§ **Information provided**:
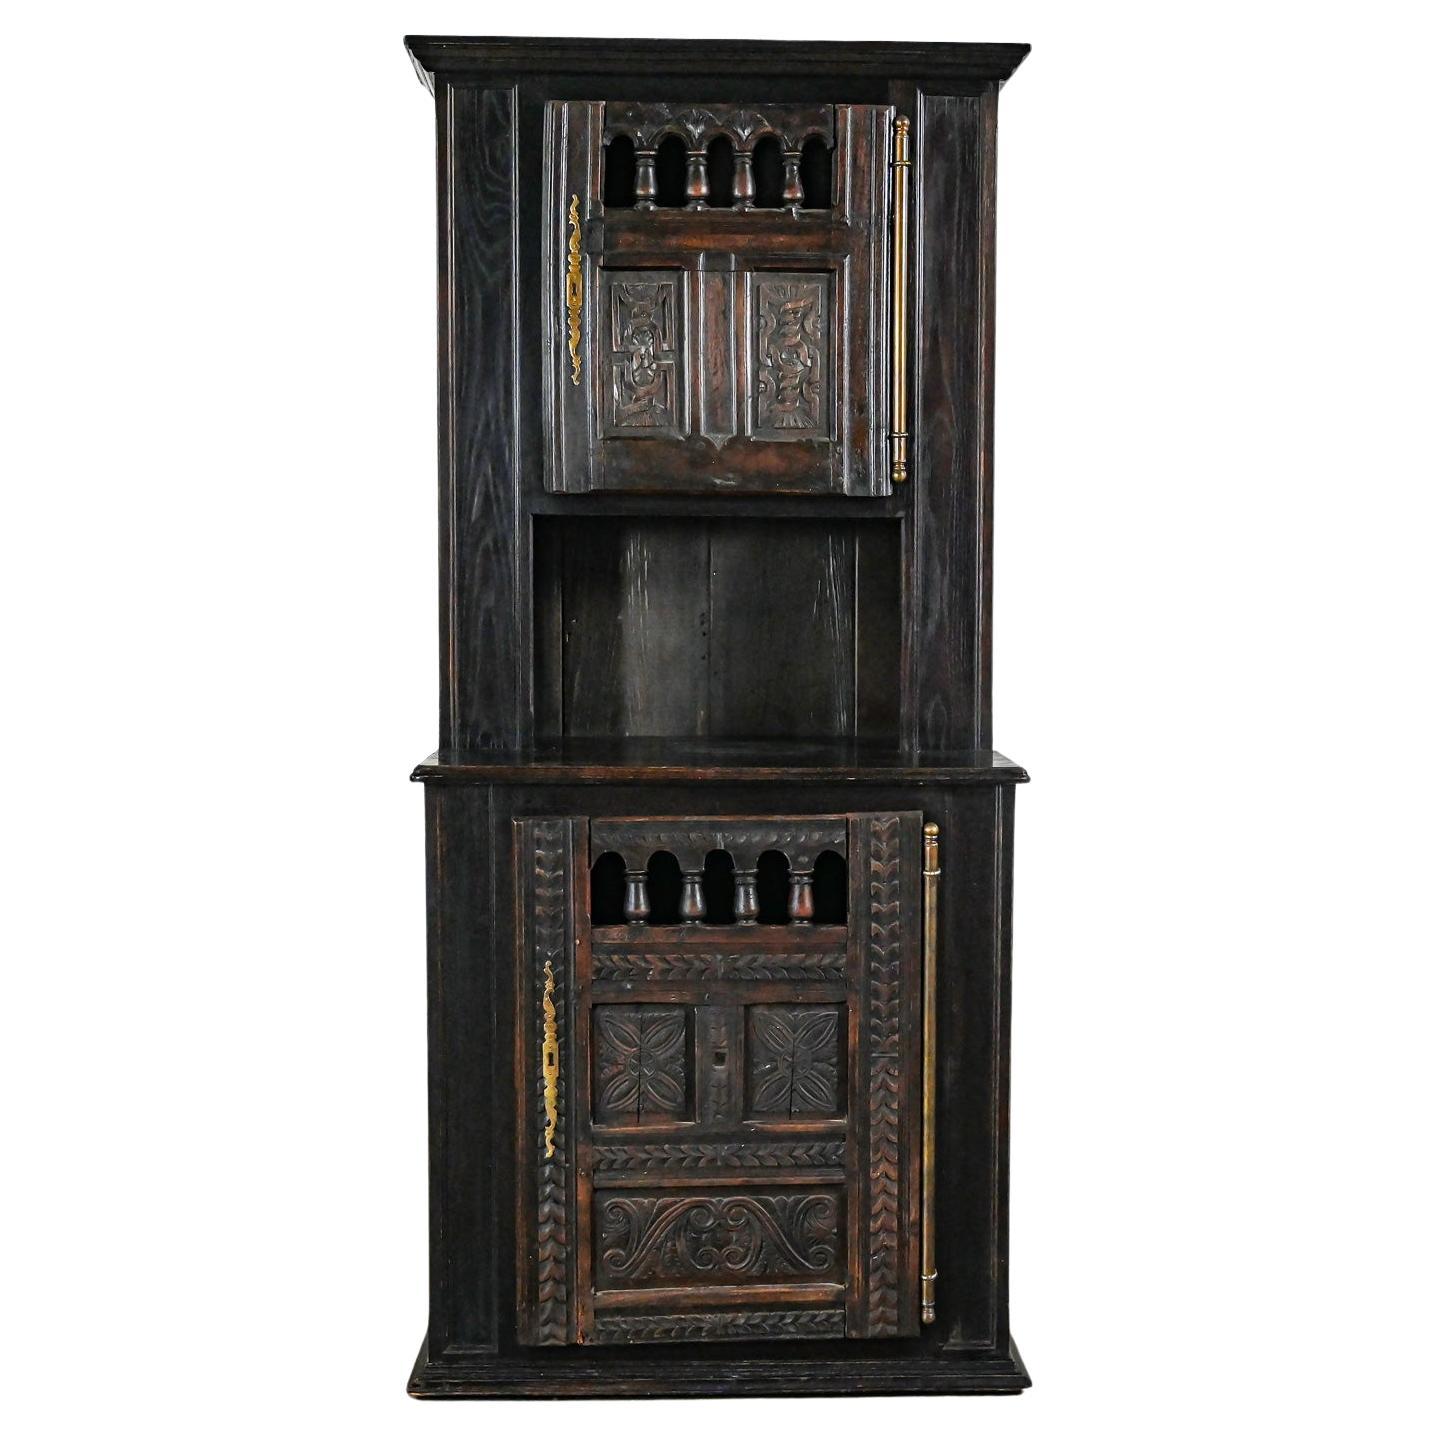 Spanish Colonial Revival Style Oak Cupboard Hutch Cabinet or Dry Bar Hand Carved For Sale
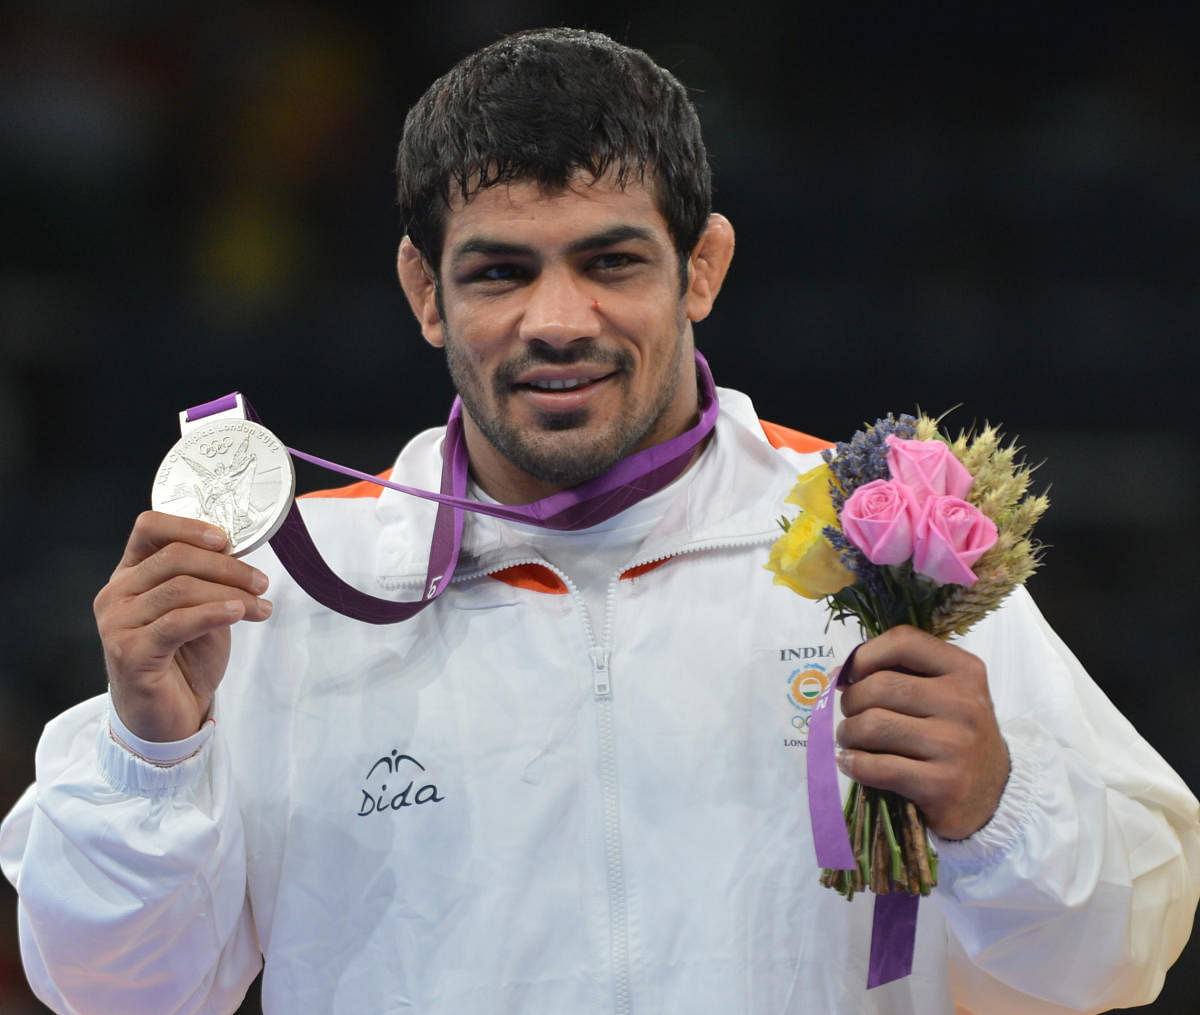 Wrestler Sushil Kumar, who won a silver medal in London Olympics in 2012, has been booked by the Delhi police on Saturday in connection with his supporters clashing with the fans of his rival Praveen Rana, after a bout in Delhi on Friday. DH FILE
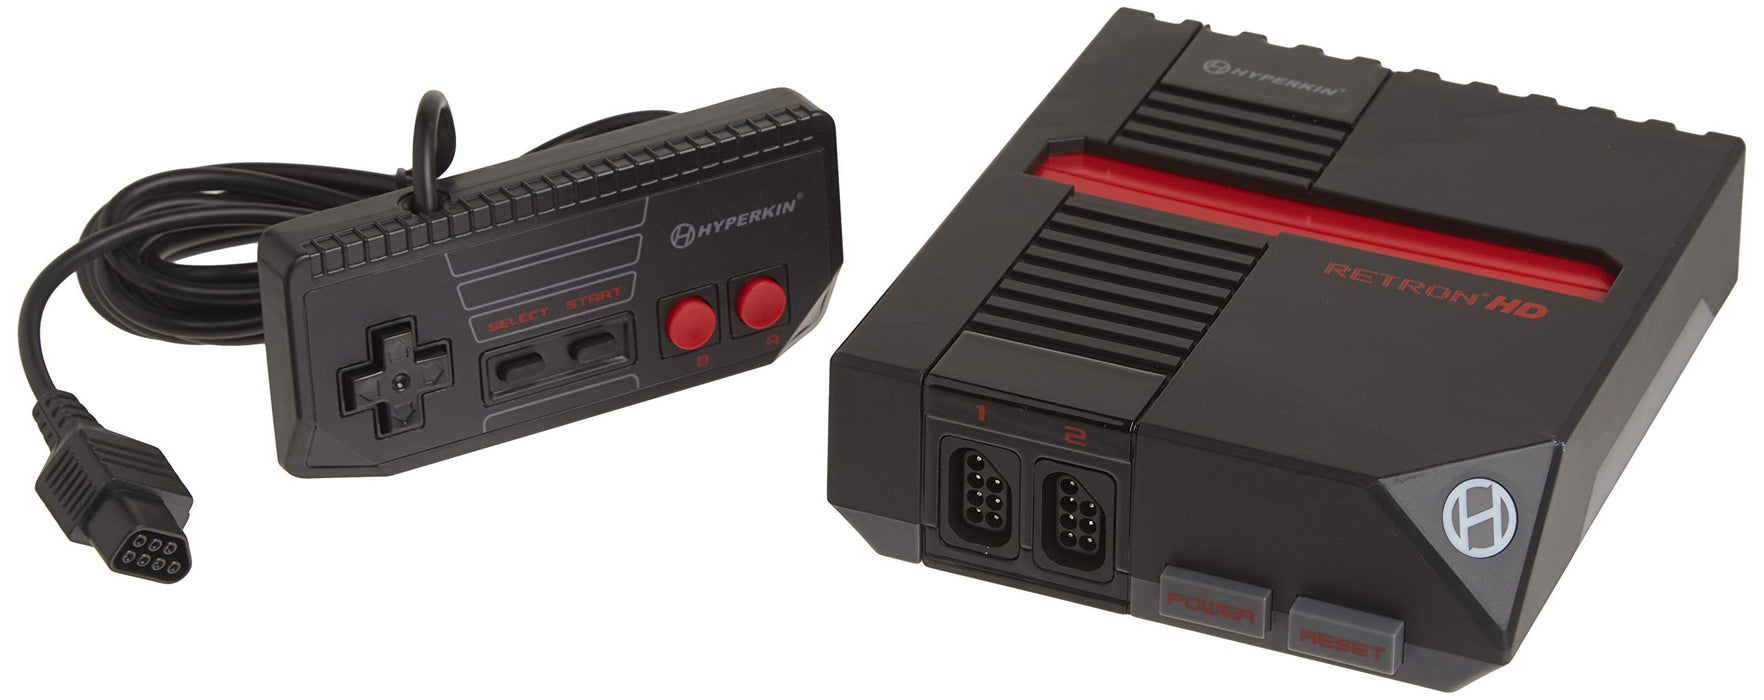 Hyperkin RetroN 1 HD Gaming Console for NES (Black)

§ **Problem details**:
Make a word-for-word repeat of the material, skipping all pictures.

§ **Task answer**:
 Spanish Colonial Revival Style Oak Cupboard Hutch Cabinet or Dry Bar Hand Carved For Sale
 Wrestler Sushil Kumar, who won a silver medal in London Olympics in 2012, has been booked by the Delhi police on Saturday in connection with his supporters clashing with the fans of his rival Praveen Rana, after a bout in Delhi on Friday. DH FILE
 Hyperkin RetroN 1 HD Gaming Console for NES (Black)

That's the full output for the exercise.